*** Opening of DATASET EXTRACT ***
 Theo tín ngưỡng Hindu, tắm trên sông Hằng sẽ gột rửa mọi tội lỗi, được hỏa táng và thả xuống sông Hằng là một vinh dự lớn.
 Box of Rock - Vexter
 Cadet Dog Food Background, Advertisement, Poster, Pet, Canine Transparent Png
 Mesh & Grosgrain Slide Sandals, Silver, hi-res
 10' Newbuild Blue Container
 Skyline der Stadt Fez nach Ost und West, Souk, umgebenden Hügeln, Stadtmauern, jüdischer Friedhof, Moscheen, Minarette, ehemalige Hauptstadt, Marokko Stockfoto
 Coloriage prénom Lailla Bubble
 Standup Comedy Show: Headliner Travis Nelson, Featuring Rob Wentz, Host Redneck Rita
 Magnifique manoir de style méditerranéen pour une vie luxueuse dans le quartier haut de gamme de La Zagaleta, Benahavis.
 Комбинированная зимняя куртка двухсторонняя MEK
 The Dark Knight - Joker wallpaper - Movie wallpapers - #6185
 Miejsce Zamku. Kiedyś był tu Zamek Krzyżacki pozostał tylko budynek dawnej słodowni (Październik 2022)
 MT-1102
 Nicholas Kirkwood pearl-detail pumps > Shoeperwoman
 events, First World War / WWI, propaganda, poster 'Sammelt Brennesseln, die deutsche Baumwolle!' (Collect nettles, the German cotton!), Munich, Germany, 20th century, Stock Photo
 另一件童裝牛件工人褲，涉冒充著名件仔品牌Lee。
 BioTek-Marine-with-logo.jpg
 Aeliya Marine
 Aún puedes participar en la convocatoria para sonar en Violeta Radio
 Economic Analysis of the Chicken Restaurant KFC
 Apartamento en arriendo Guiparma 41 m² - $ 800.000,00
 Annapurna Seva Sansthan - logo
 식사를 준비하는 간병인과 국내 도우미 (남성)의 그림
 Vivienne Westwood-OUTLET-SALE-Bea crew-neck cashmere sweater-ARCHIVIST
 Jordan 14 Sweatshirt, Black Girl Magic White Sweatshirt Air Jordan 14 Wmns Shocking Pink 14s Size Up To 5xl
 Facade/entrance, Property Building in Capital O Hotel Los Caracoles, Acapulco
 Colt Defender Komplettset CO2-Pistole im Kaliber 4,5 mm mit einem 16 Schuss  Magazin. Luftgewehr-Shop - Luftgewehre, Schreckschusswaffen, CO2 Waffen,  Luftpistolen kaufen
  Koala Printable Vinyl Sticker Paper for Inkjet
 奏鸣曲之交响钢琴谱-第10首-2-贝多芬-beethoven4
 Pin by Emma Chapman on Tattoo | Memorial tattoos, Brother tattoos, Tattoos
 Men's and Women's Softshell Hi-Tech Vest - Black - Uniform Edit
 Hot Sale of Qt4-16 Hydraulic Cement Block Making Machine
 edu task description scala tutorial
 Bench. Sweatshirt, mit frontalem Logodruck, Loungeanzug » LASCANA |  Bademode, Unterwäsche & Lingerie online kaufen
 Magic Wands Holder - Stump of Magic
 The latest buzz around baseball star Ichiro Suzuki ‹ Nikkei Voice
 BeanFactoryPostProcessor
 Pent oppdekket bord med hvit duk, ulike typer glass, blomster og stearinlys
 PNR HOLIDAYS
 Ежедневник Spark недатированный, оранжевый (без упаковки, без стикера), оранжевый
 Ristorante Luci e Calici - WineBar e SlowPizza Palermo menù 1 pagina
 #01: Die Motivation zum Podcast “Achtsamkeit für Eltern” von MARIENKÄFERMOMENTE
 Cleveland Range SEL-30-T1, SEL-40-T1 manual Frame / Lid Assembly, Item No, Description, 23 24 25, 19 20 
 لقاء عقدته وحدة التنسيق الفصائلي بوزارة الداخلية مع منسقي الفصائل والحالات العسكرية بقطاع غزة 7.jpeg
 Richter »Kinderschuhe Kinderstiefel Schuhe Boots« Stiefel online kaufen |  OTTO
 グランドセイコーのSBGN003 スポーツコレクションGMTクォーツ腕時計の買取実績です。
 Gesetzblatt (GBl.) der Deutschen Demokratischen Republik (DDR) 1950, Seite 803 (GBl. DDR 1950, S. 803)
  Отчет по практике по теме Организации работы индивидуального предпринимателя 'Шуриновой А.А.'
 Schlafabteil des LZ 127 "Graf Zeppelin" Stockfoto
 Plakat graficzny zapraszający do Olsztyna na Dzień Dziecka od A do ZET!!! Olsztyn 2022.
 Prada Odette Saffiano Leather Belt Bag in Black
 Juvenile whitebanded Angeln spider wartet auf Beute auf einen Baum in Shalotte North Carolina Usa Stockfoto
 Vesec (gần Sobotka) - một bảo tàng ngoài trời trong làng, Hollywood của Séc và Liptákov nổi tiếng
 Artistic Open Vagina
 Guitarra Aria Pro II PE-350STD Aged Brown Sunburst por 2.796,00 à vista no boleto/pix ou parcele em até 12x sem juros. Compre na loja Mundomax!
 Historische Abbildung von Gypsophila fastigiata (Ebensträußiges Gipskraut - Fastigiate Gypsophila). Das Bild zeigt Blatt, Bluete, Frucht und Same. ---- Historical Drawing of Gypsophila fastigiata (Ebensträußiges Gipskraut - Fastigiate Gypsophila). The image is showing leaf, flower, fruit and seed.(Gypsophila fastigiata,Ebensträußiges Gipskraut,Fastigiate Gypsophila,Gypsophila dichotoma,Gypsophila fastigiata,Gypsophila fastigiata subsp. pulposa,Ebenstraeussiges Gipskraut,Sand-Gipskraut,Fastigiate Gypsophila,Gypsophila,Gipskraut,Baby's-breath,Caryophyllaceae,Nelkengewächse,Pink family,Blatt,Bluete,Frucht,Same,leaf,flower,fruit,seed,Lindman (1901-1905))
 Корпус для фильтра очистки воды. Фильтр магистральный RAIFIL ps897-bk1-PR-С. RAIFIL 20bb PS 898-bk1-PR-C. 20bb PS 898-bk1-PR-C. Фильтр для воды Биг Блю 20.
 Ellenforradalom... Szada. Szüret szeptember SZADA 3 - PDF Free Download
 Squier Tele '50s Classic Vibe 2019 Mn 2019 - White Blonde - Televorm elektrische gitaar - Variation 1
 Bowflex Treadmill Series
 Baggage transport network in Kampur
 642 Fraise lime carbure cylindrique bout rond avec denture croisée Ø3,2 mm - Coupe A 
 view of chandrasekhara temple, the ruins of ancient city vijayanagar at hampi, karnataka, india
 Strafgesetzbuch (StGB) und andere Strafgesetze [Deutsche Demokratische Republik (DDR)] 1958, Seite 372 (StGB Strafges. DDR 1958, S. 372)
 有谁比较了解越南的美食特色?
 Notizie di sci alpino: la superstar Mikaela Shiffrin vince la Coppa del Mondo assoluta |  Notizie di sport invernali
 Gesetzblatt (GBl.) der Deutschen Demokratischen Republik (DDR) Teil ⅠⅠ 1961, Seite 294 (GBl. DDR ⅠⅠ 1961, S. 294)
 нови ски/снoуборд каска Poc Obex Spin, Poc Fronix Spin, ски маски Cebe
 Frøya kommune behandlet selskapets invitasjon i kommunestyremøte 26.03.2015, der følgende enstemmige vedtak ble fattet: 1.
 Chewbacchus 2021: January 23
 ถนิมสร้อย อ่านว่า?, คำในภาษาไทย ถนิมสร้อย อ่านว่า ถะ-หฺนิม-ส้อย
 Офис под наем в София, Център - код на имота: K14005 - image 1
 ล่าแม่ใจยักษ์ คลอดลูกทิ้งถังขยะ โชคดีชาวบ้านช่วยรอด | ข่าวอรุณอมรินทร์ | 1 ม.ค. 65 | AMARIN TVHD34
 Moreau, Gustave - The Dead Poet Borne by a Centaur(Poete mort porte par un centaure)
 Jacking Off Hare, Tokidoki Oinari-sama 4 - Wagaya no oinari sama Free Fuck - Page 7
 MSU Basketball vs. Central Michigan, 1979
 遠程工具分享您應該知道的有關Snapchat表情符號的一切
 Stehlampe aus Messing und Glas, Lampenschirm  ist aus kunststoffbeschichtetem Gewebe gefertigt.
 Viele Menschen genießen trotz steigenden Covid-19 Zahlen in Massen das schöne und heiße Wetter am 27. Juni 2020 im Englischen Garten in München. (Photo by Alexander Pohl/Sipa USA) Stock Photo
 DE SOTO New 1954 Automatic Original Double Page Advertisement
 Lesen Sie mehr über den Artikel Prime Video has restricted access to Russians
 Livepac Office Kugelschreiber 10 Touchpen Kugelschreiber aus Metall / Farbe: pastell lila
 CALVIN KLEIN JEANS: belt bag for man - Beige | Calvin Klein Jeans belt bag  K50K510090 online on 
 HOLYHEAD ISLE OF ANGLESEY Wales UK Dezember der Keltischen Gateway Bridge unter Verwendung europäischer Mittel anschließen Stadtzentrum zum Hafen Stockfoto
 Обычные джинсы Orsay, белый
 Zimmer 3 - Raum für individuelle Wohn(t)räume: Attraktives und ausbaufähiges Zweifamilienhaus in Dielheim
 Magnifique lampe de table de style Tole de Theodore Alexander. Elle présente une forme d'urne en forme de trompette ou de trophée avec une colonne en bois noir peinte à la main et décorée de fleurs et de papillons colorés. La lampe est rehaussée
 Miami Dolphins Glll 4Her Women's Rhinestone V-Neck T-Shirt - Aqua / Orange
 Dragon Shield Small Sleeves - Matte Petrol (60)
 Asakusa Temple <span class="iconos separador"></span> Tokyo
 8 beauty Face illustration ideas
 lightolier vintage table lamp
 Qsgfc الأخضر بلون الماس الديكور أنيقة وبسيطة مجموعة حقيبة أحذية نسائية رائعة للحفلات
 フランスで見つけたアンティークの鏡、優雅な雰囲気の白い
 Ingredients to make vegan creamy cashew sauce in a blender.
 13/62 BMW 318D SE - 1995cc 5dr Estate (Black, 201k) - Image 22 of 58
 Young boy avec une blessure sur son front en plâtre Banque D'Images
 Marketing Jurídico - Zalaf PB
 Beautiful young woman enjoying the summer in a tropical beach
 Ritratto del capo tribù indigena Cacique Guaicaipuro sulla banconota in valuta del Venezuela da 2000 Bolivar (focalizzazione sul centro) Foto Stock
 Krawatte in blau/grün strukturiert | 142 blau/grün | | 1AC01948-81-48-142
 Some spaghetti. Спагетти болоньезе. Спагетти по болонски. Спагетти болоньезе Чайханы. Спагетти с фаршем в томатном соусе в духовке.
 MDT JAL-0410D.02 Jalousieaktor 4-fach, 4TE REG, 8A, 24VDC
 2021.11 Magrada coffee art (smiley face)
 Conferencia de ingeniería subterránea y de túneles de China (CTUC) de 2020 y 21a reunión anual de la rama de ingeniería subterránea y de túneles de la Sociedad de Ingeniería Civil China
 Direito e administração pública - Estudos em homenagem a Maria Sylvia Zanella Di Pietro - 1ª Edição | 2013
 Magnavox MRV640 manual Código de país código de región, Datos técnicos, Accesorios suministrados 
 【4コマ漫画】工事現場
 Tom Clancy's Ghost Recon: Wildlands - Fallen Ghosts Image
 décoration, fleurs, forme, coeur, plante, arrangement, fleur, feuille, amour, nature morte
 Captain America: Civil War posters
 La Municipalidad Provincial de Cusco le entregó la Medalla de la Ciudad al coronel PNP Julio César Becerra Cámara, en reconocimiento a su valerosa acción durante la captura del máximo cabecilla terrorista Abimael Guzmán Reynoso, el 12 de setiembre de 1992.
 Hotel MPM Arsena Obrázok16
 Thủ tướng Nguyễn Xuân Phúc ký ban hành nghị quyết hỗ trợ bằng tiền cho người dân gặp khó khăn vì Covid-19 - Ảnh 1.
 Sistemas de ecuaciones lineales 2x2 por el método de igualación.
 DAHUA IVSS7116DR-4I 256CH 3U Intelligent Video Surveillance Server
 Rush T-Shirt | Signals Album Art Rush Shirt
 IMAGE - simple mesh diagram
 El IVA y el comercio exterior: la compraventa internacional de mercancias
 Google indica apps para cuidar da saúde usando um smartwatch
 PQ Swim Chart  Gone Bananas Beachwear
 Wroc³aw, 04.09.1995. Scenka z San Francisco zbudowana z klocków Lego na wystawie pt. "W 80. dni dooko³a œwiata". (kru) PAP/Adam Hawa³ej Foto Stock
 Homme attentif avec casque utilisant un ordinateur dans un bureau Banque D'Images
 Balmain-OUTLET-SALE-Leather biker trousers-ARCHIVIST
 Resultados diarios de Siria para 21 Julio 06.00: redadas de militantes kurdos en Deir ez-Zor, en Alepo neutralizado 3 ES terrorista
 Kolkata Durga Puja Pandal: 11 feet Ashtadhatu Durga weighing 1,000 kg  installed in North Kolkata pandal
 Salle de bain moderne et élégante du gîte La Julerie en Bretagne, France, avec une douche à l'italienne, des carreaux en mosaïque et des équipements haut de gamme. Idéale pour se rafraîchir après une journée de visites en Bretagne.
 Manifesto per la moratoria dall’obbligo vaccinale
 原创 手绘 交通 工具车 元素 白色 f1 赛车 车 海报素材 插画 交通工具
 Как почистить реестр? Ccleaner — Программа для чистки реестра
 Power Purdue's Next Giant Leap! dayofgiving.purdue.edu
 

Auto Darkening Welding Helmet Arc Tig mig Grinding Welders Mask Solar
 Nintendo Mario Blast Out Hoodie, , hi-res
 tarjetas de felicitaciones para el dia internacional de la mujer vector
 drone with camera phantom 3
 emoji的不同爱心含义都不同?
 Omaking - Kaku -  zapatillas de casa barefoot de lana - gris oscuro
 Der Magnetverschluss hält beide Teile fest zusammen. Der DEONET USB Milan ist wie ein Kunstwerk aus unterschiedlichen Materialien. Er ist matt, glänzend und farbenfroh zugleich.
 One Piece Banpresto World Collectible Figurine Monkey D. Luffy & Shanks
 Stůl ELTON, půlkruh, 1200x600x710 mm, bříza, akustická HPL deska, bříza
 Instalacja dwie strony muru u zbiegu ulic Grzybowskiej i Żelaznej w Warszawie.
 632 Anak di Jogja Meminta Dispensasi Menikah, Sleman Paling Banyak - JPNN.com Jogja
*** Close of DATASET EXTRACT ***
**EXERCISE:** The response must contain each line above that holds the string "forme".

**OUTPUT FOR THIS TASK:**
 Magnifique lampe de table de style Tole de Theodore Alexander. Elle présente une forme d'urne en forme de trompette ou de trophée avec une colonne en bois noir peinte à la main et décorée de fleurs et de papillons colorés. La lampe est rehaussée
 décoration, fleurs, forme, coeur, plante, arrangement, fleur, feuille, amour, nature morte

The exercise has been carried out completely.